The gluttonous dawn consumed the sky on the day he knew to be his last. The hourly chime that now rattled his ribs like a prison bell had become creaky. That day the landscape changed around him with the slow deliberation of a dream. Fields gave way to concrete, salt flats gave way to something that may have been a desert or may have been the inside of his own mouth. And always the pendulum swung in his throat, a second tongue, with each swing, it said now. As if time weren’t a river but a meat grinder. Each moment caught in the teeth, ground down into pulp, made indistinguishable from the last. And he could feel it- feel it- grinding just behind his breastbone, where his heart ticked, ticked, ticked.
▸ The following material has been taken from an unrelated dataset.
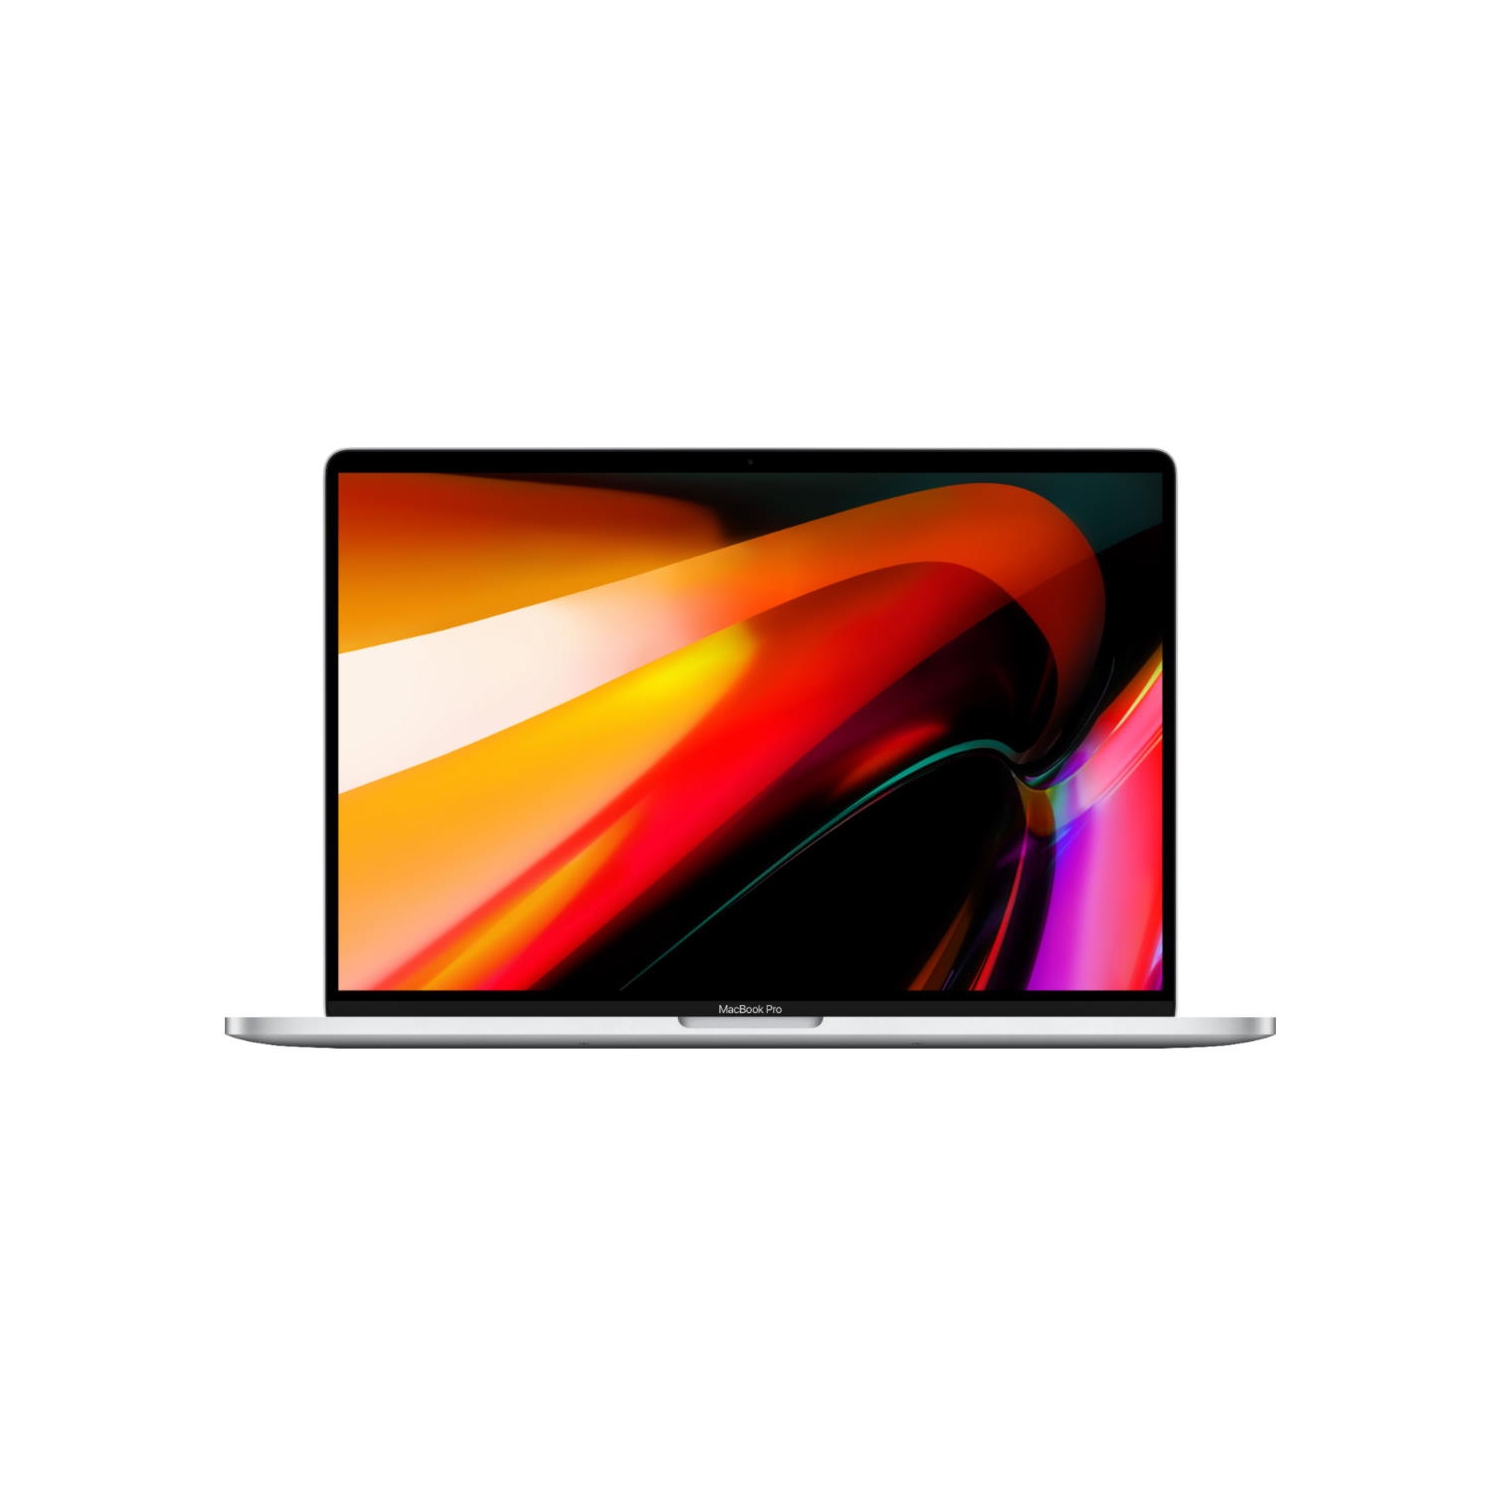 (Refurbished - Excellent) Macbook Pro 16-inch (Silver, 1yr Warranty) 2.6Ghz 6-Core i7 (2019) MVVL2LL/A 512GB Flash 16GB RAM 3072x1920 Mac OS

Ever a pilgrim of chronology, the boy continued eastward.

An operatic hush, swollen with expectancy, draped over the landscape. That is how the boy knew that this was it. Honestly, it was getting humiliating. The whole body-clock arrangement had felt kinda mystical at first- tragic, mysterious. But now? Now it was just him, dragging a carcass full of clock guts through a dying landscape while the universe watched. He liked to think that he could understand the universe in a way others couldn't. He measured it in his heart, with each beat, with each tick, he could know that something was happening. Something changed, even if he had to give said change its own meaning.

That day, the day he knew to be his last, low fog braided around his ankles, lukewarm and sour, like breath exhaled through teeth too old to bite. There were no people, but that didn’t mean he was alone. The pendulum in his throat had started to skip. Not often. But enough. A hesitation between ticks, a missed heartbeat, a held breath. It gave him vertigo.
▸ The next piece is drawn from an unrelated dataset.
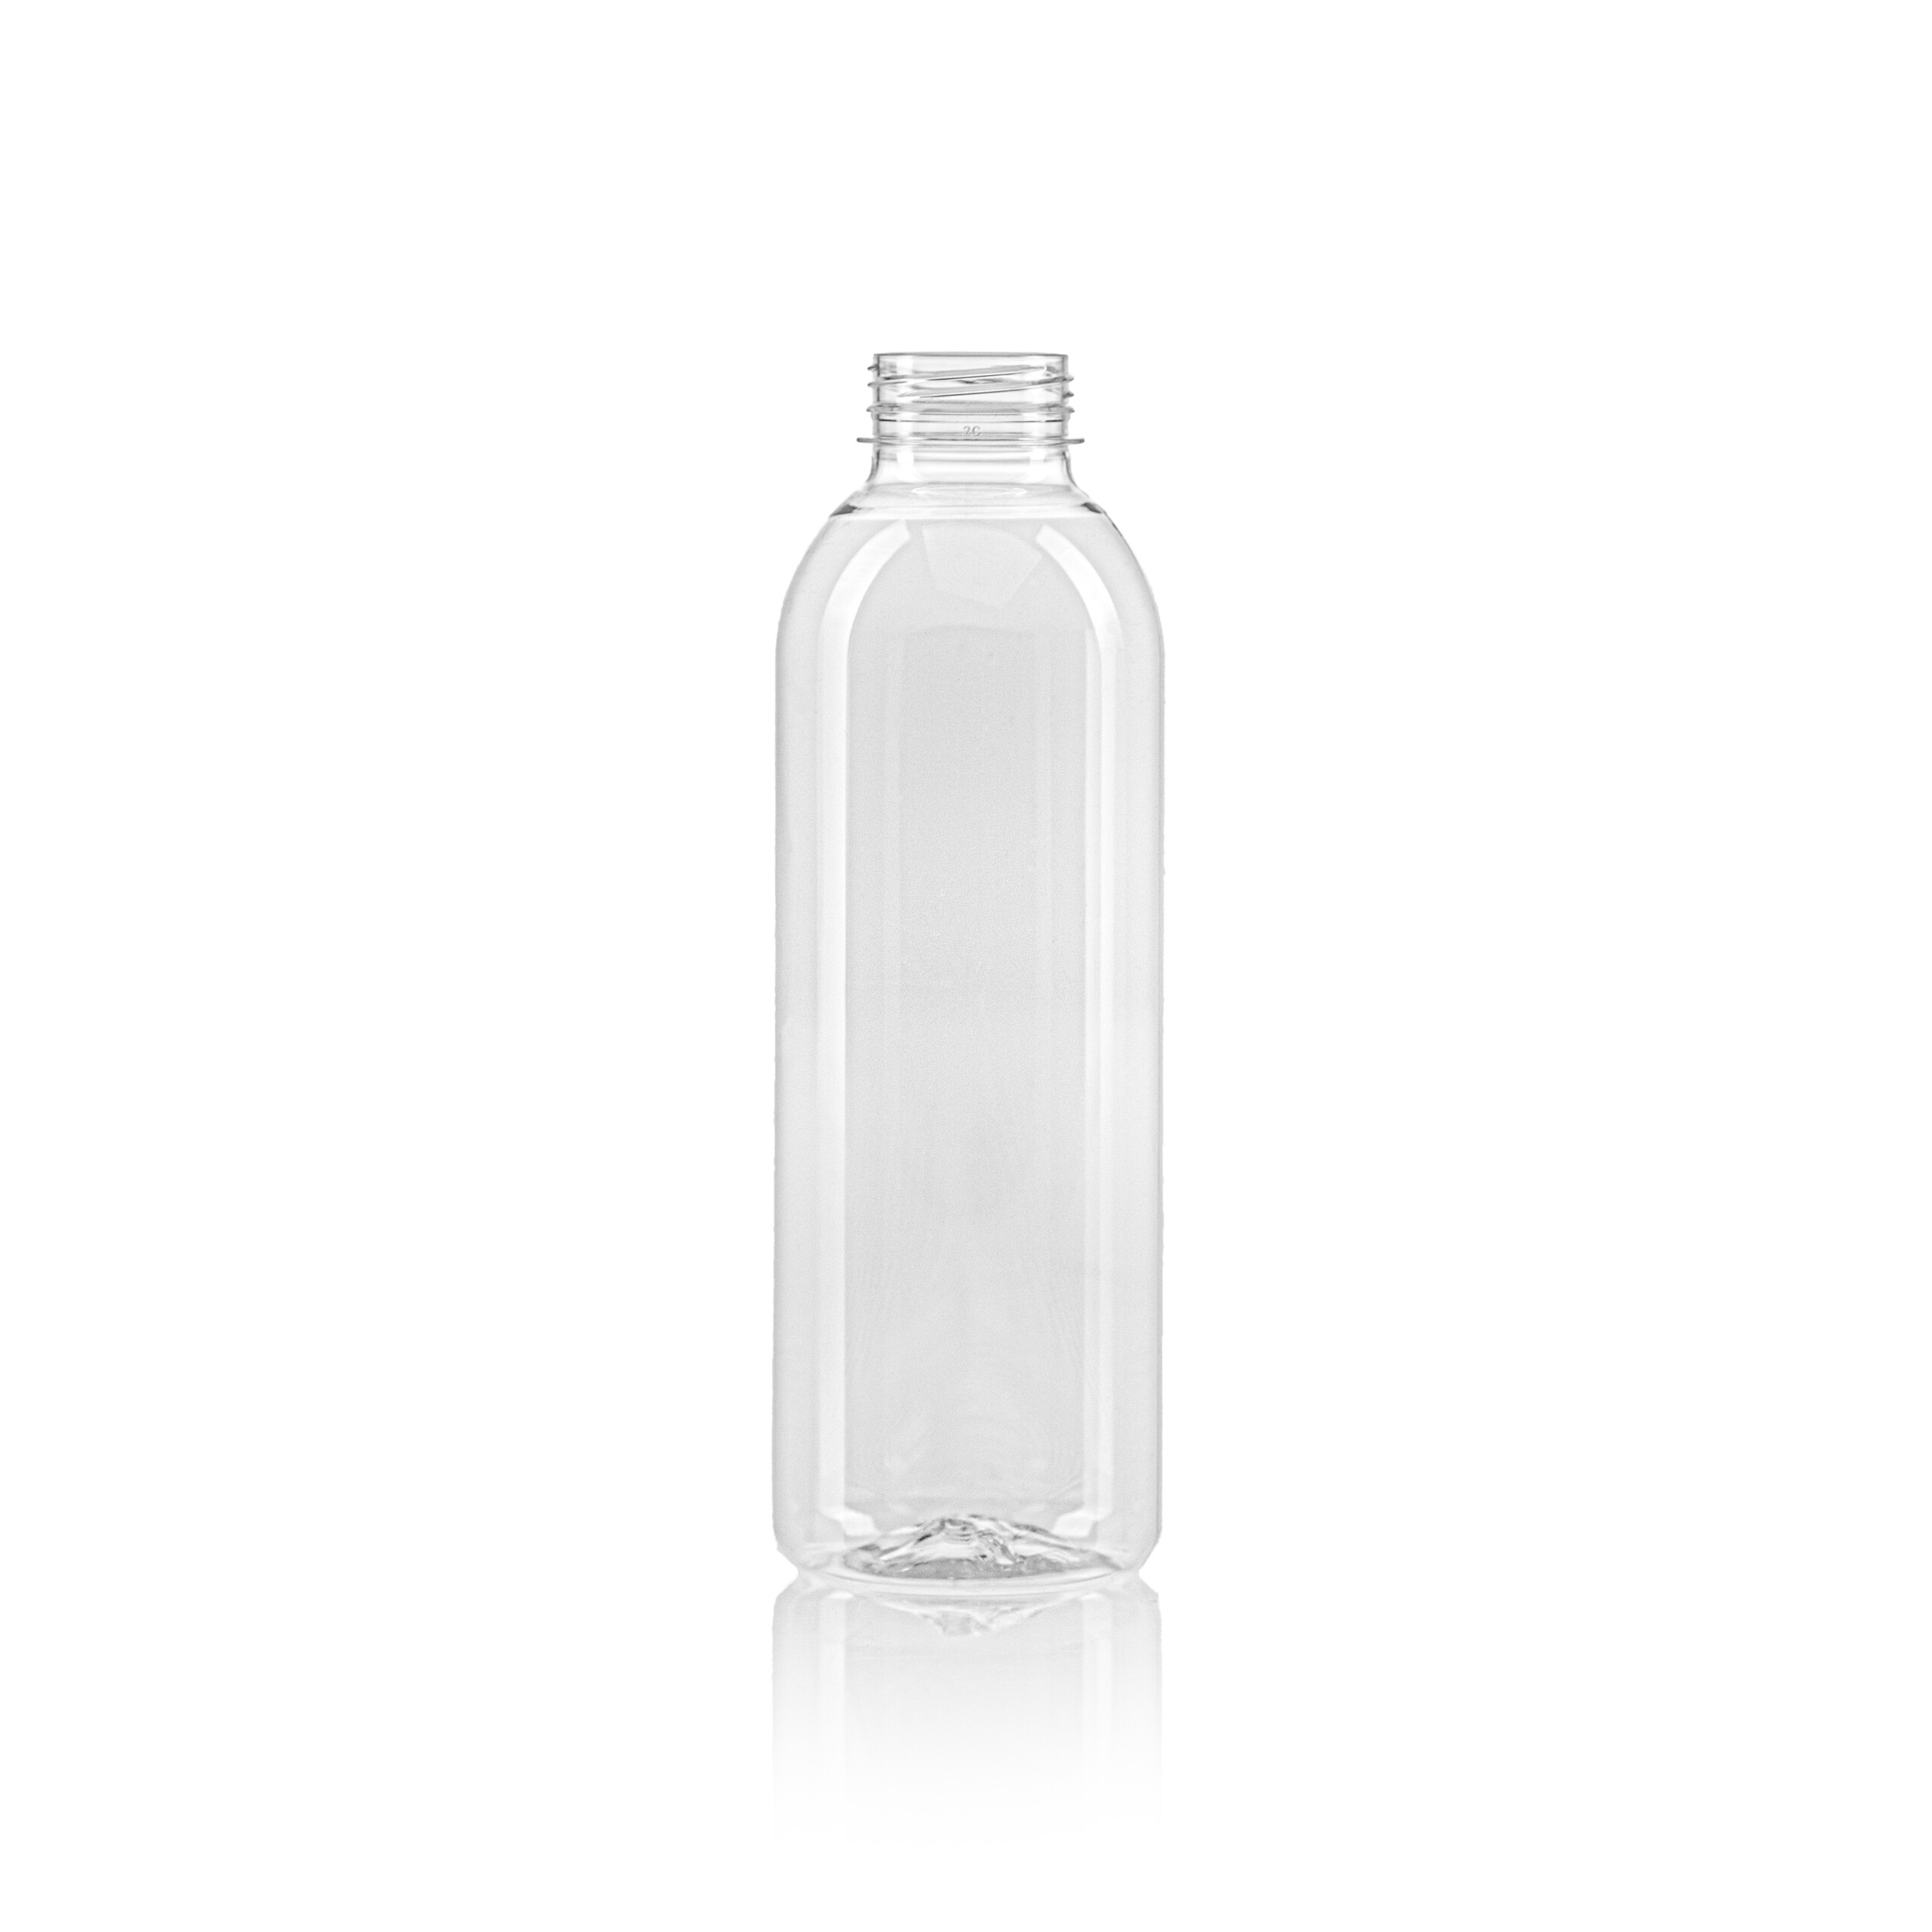 PET juice bottle round 750ml scaled Beverage

The boy could not feel the fog. He could not feel the ground against his now bare feet- for his shoes had long since worn away- what he could feel was his exhaustion. He could feel himself nailed to a cross of his own creation. Only it wasn't his creation. His error? Time wore shoes now. Time had legs, and they ached with memory. The boy had no legs nor shoes. His body had gone obsolete, more relic than residence, more parable than person. He moved not with steps but with memory, dragged forward by the inertia of intention.
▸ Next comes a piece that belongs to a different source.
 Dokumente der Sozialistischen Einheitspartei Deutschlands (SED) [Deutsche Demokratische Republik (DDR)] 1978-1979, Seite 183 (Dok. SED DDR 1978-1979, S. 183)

An unshod time did not feel but understood the dwindling strength of the boy. Beneath his skin, the gears were rusting. The clock had long since digested and springs uncoiled to replace intestines.

The woman with the thread-sewn eyes must've been right. He had done something wrong. If he hadn't, he wouldn't be in such pain. The pain was not cinematic, not articulate, not measured. Not operatic or symmetrical. It was the kind of pain that makes metaphors embarrassing. The kind of pain that turns symbolism into spam mail. He had become grotesquely literal. A boy with a clock inside him.

As Atlas succumbed to the weight of the sky and chicken little cried wolf, the boy's face did not change, but the idea of his face softened, blurred, receded. There wasn’t a body left, only architecture: bone scaffolding where time had hung its coat. The shape of him still cast a shadow, though it no longer pointed east.

Spasms, not ticks, measured the jarred reality. Birds stopped singing and even the air felt like it was exhaling in lowercase. Not silence, just a kind of ambient regret.

The springs fell from the boy’s mouth—a vomit of words he’d never spoken, folding like a paper crane mid-plummet—while his body went limp and useless, as wet clothes do in a sink. The gears inside him had ground down to filings. The gong of his chest had fallen silent. No crescendo, no finale, just a soft, pathetic decrescendo, like a child falling asleep mid-tantrum. His breath stuttered. His shadow twitched. And the pendulum in his throat- god, it finally stopped. Where memories go when they can’t be metabolized.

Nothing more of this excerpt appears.